On Oct. 5, The New York Times first published accounts from several women, including actress Ashley Judd, alleging that Weinstein had acted inappropriately toward them.
That day, McGowan appeared to condemn anybody who continued to work with Weinstein amid the allegations. At that time, she wasn't directly calling out Weinstein by name or initials.
"Anyone who does business with __ is complicit. And deep down you know you are even dirtier. Cleanse yourselves," she wrote.
She also began retweeting those who commended her bravery, including fellow actress Patricia Arquette, who wrote, "@AshleyJudd & @rosemcgowan I'm sure it wasn't easy to come forward but in doing so you helped a lot of others who might not have been heard."
Expanding her army
McGowan also used her social media platform to urge other women in Hollywood to speak out.
On Oct. 7, McGowan finally directly addressed the Times, two days after its story about Weinstein was first published.
"This is about a power structure that needs to be brought down. I cannot thank the women who came forward & the boss writers at #NYT enough," she wrote.
Weinstein fired, McGowan speaks out
On Sunday, the day that Weinstein was terminated from The Weinstein Company, McGowan called for the remaining board members to resign and demanded a change in men's behavior in Hollywood. Three board members had exited earlier last week in the wake of the Times report, according to Deadline.
"Men in Hollywood need to change ASAP. Hollywood’s power is dying because society has changed and grown, and yet Hollywood male behavior has not," she told The Hollywood Reporter that day. "The men of Hollywood need to know they own no woman. The days of 'Entourage'-like behavior and thinking is as dated as your largely bro nature."
A request for comment from The Weinstein Company was not immediately returned to ABC News.
Expanding the fight
With Weinstein fired, the gloves were officially off for McGowan. On Tuesday, after the New Yorker and New York Times published more personal accounts of women who claimed to have been sexually harassed or assaulted by Weinstein. A spokesperson for Weinstein told The New Yorker: "Any allegations of non-consensual sex are unequivocally denied by Mr. Weinstein."
McGowan took on those people she believed knew about some of the alleged abuse and said nothing. One person she singled out was Ben Affleck, whom McGowan claimed knew about her situation despite his statement that he was "saddened and angry" that Weinstein "used his power to intimidate" and manipulate women.
“'GODDAMNIT! I TOLD HIM TO STOP DOING THAT' you said that to my face. The press conf I was made to go to after assault. You lie," she tweeted at the actor.
A request for comment from Affleck's rep was not immediately returned to ABC News.

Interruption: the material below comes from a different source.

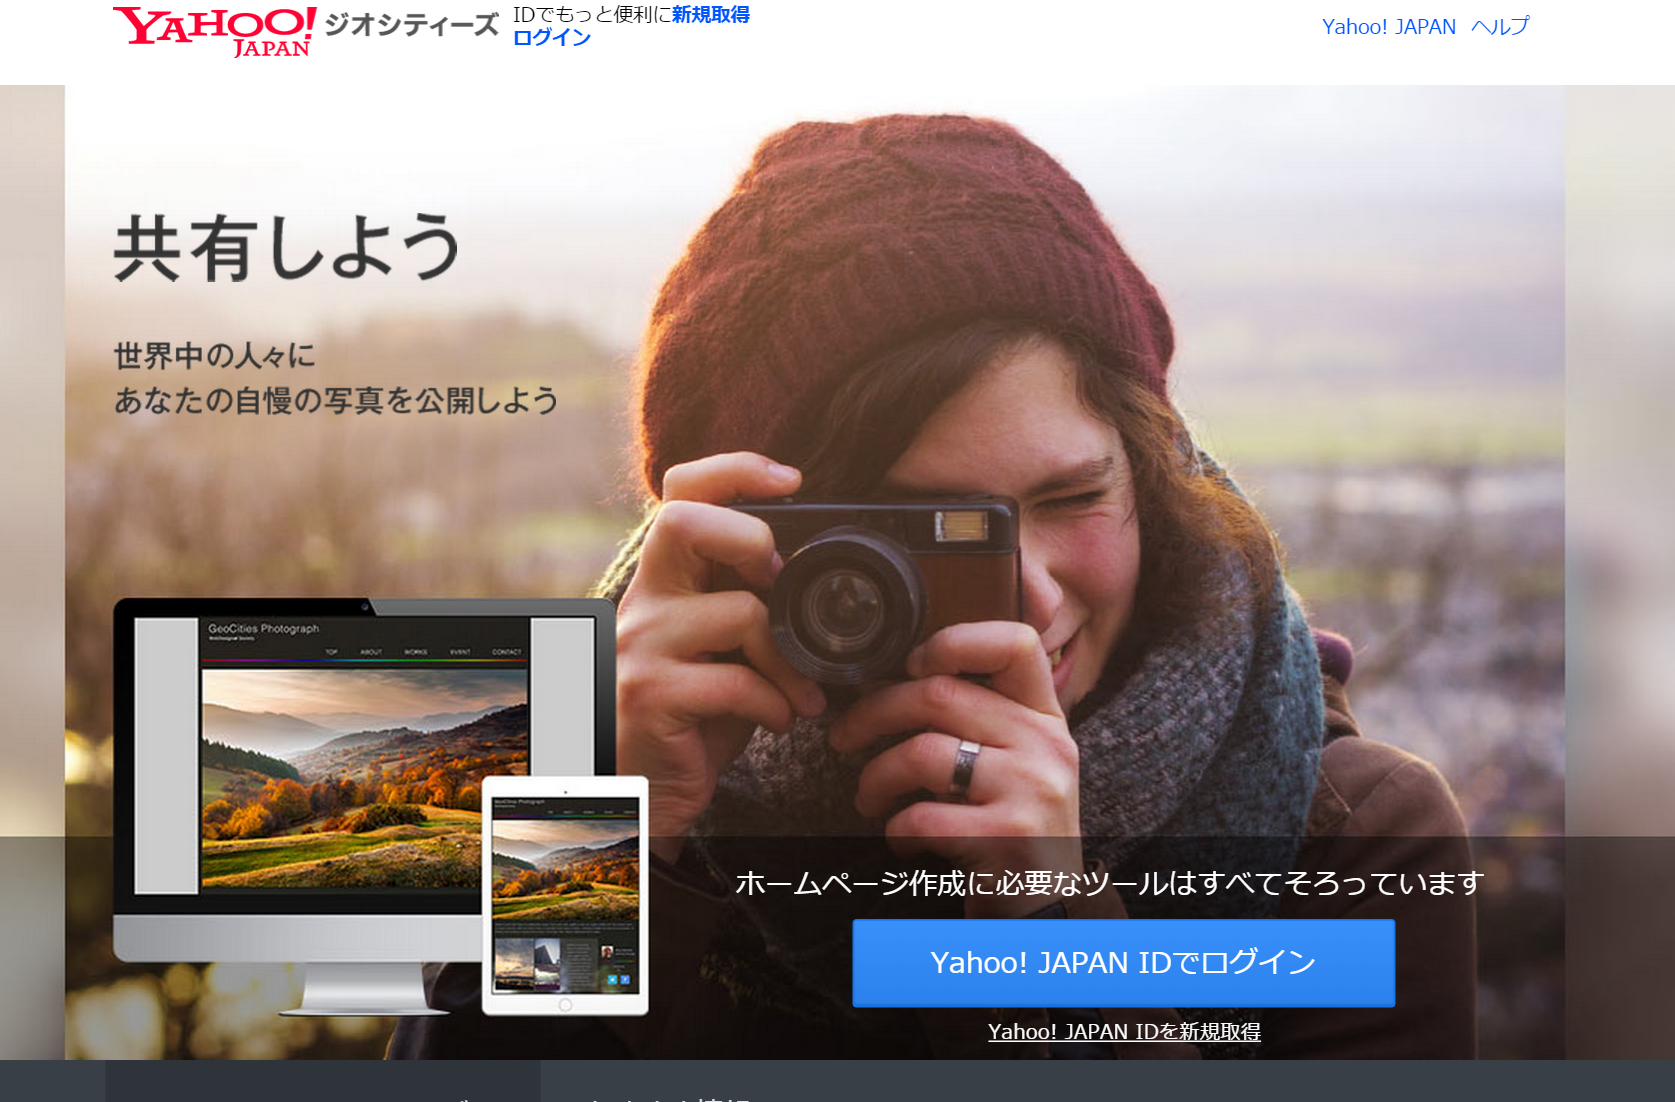 SnapCrab_NoName_2015-8-29_15-43-41_No-00

"Dear most of Hollywood, this is happening. You cannot sweep this under the rug. Support vocally or you will forever have an * in history," McGowan wrote.
Also Tuesday, she seemed to make it known that her Twitter feed contained more "clues" that she may not have been allowed to comment on, but wanted to share.
"I have been hiding in plain sight, the panther amongst her prey. Well done for piecing together my clues. It’s all in the timeline," she wrote.
While McGowan's Twitter page was locked, she found other platforms on which to speak out.
On Thursday, she took to Instagram to talk to her followers.
"BE MY VOICE," she wrote.
ABC News' Lesley Messer contributed to this report.